Posted by Mike Sterling

Jan 28, 2013 6:30:00 AM

One of the first major industries we cut our teeth in (and our lathes in) here at Ardel was in machining high-grade components for the United States Navy.

Mfg_ProcessThis was back in the 1980s, once upon a time and not so long ago, when the U.S.S.R. was a clear and present danger to the peace of the planet, and the Soviet Red Banner Fleet harbored the largest submarine force in the world. It was a time when slogans for “A six hundred ship Navy!” resounded through the Halls of Congress and the White House. It was a decade that saw the construction of some of the most awesomely powerful ships ever built: the giant Nimitz class aircraft carriers, the deadly and silent Los Angeles-class attack submarines, and the fiercely protective Ticonderoga-class AEGIS missile cruisers. By outspending the Soviet Union in naval forces year upon year, we contributed to Communism’s collapse, and the birth of the so-called Pax Americana. We played our part at Ardel Engineering, and we’re proud of those journeyman days of ours.

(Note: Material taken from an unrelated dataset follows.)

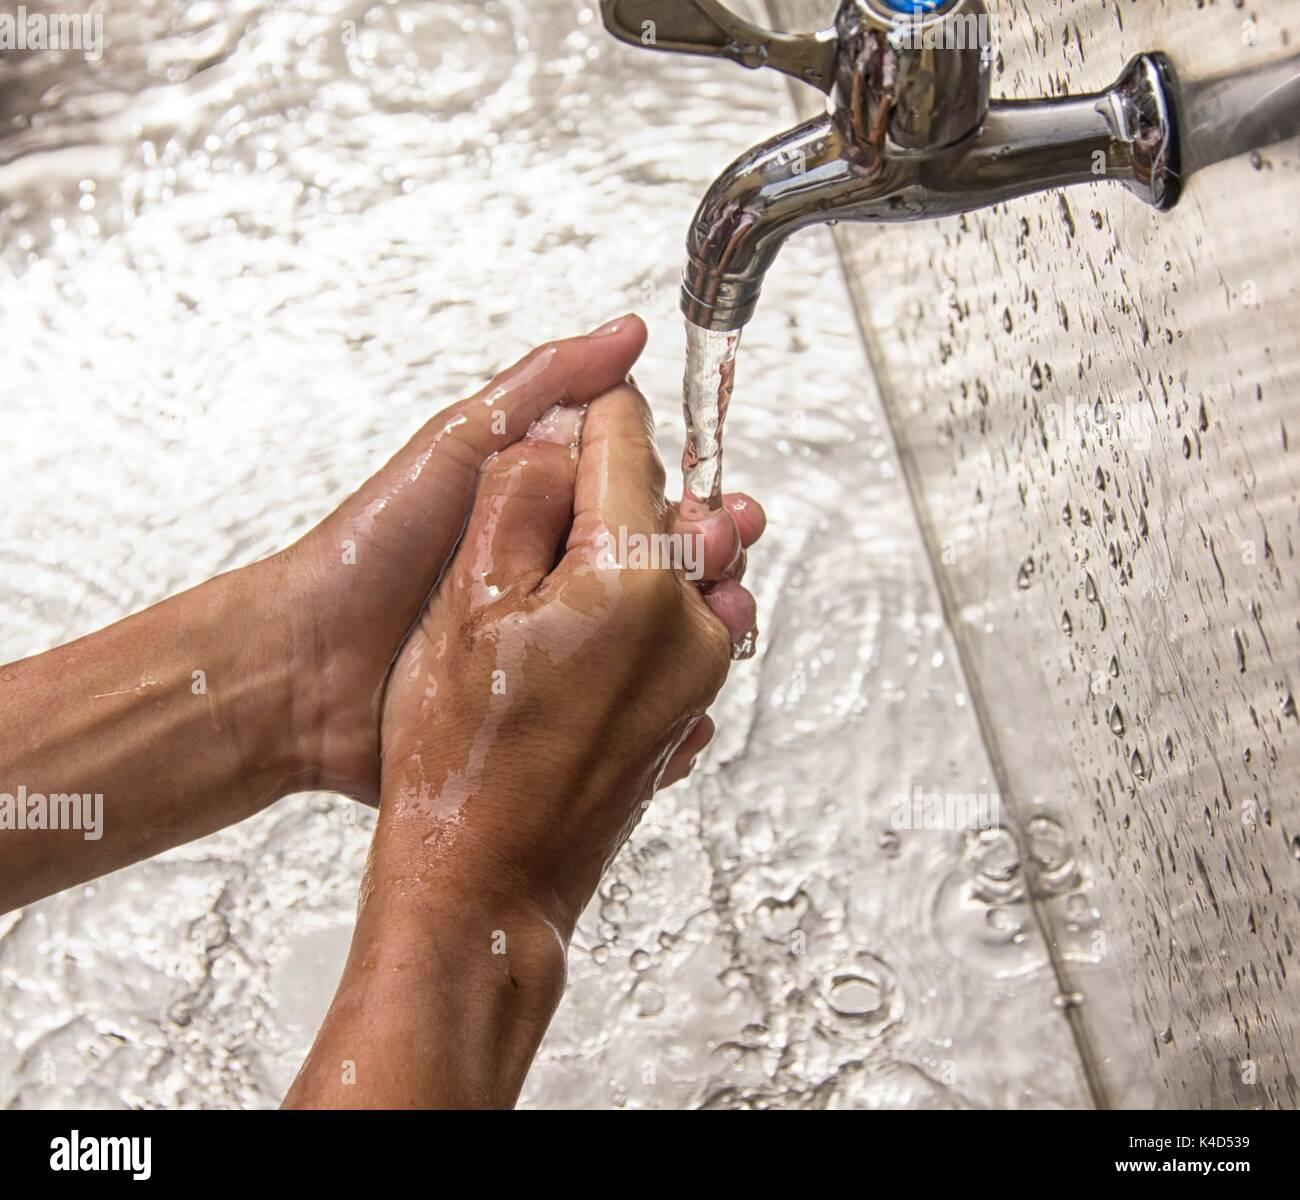 Closeup of an individual hand washing. - Stock Image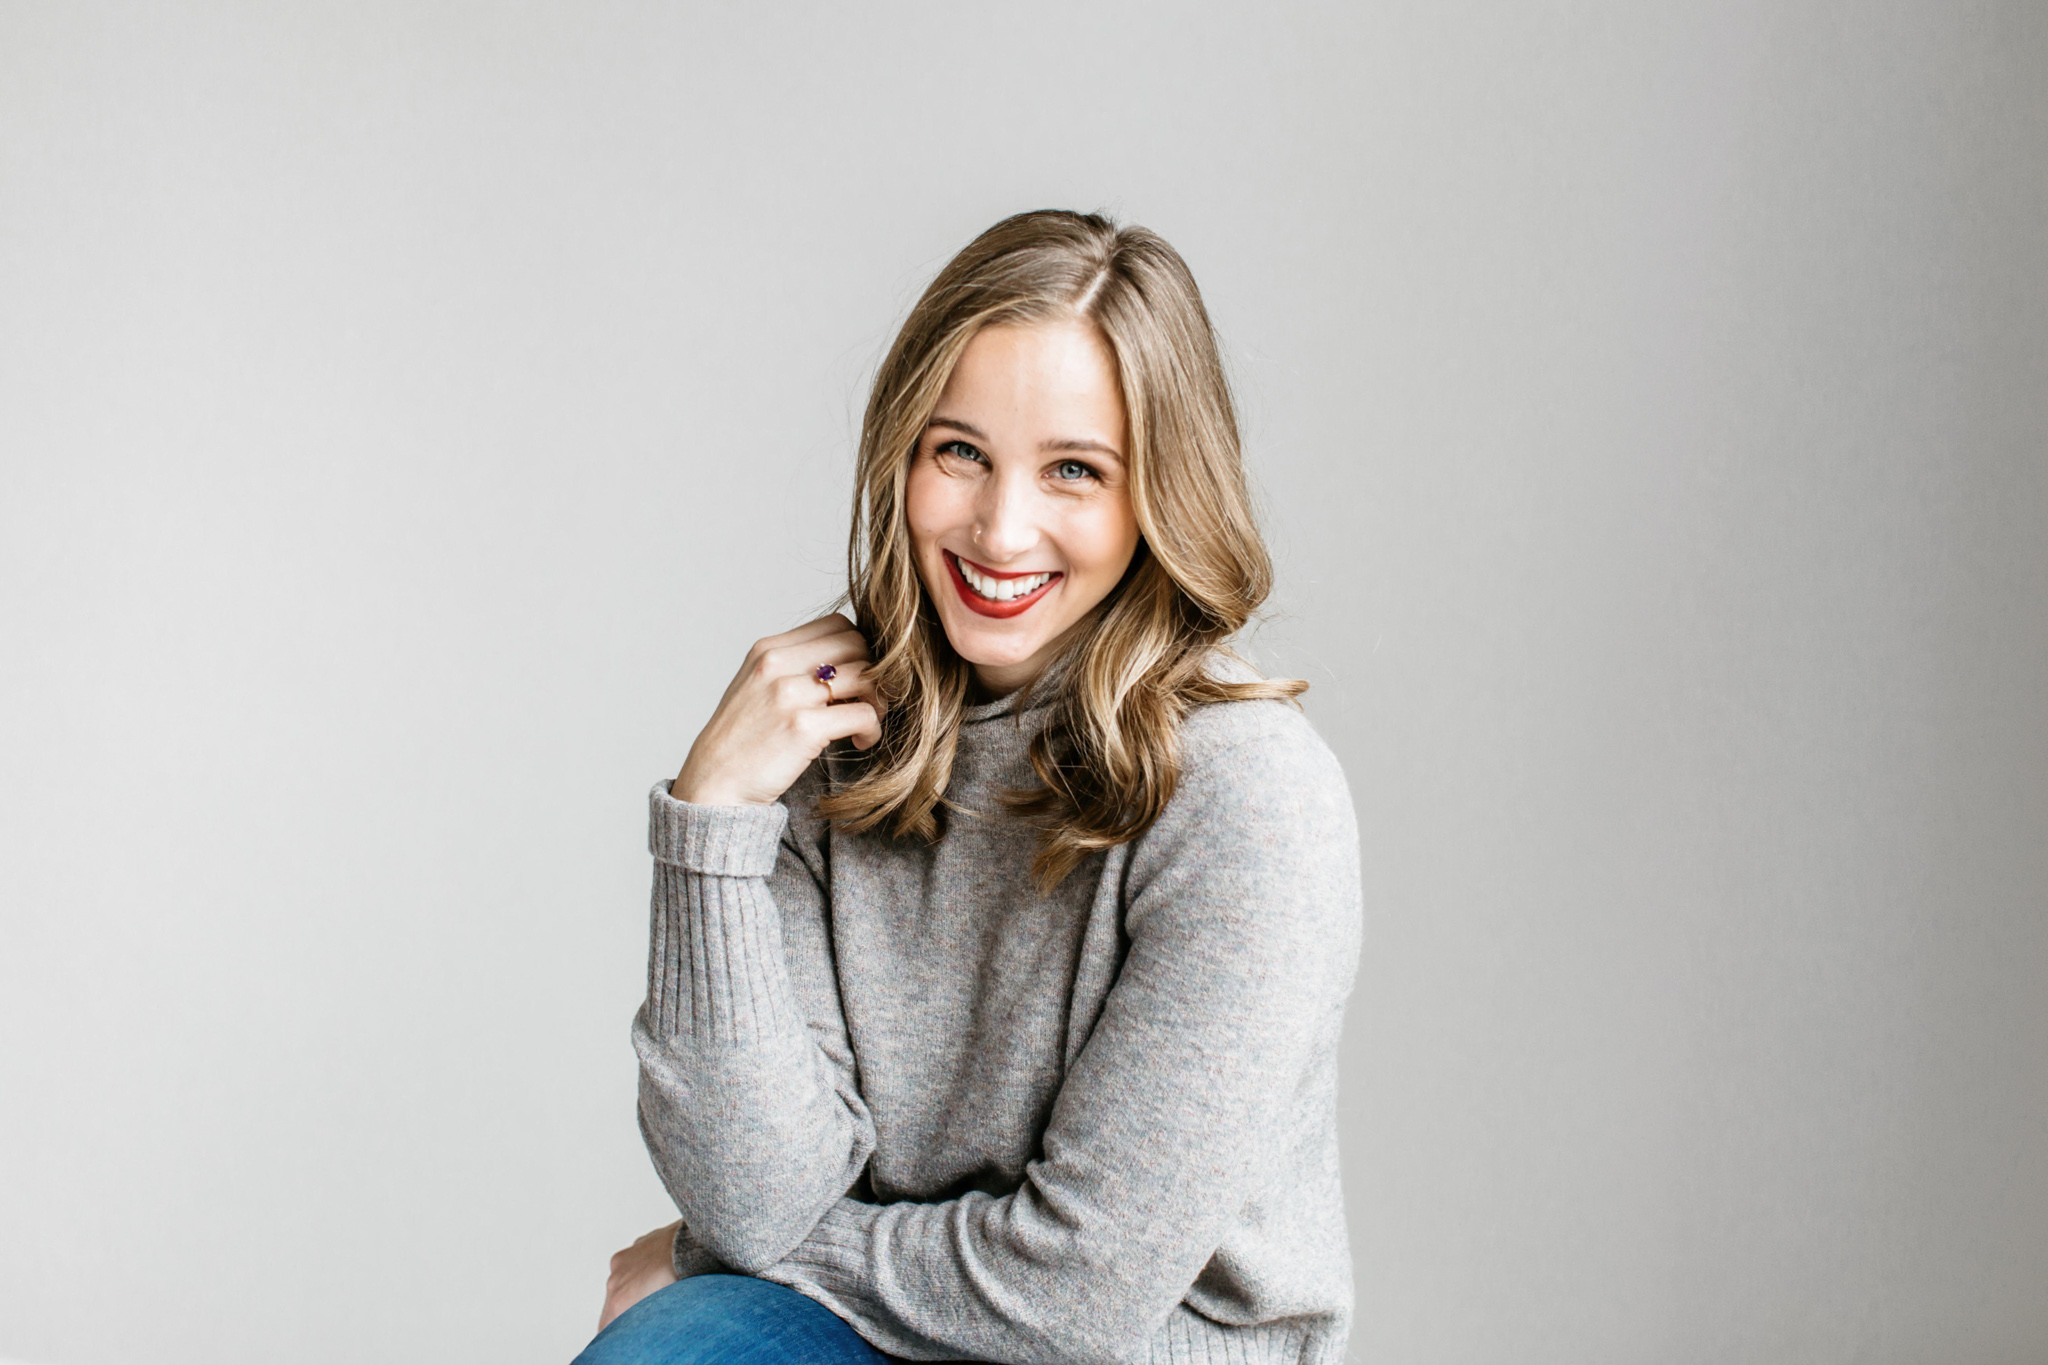 Alexa-Vossler-Photo_Dallas-Portrait-Photographer_ Melanie-Foster-Headshots-3.jpg

Today, the world feels almost unrecognizably different. Our primary military objectives are against small, highly mobile terrorist cells that can still – if given a chance – wreck mayhem and destruction on our overseas forces and to our native soil. And though it isn’t of the same size and scope as the one deployed in the 1980s, we still possess the world’s most powerful navy, and our naval technology – of which we at Ardel retain our part in helping develop – remains unchallenged by any other global power.

So it’s only appropriate we take a moment to salute a changing of the guard, so to speak: the world’s first nuclear-powered aircraft carrier, the U.S.S. Enterprise, has been recently brought to berth and retired from service. In its place, a whole new generation of U.S. aircraft carriers will be launching through the coming years. Designated the Gerald Ford¬-class carriers, they will project American naval airpower well into the 21st century. The third ship of this class scheduled for commissioning will be named the U.S.S. Enterprise. It will be a powerful reminder that America remains, as always, a presence to be reckoned with.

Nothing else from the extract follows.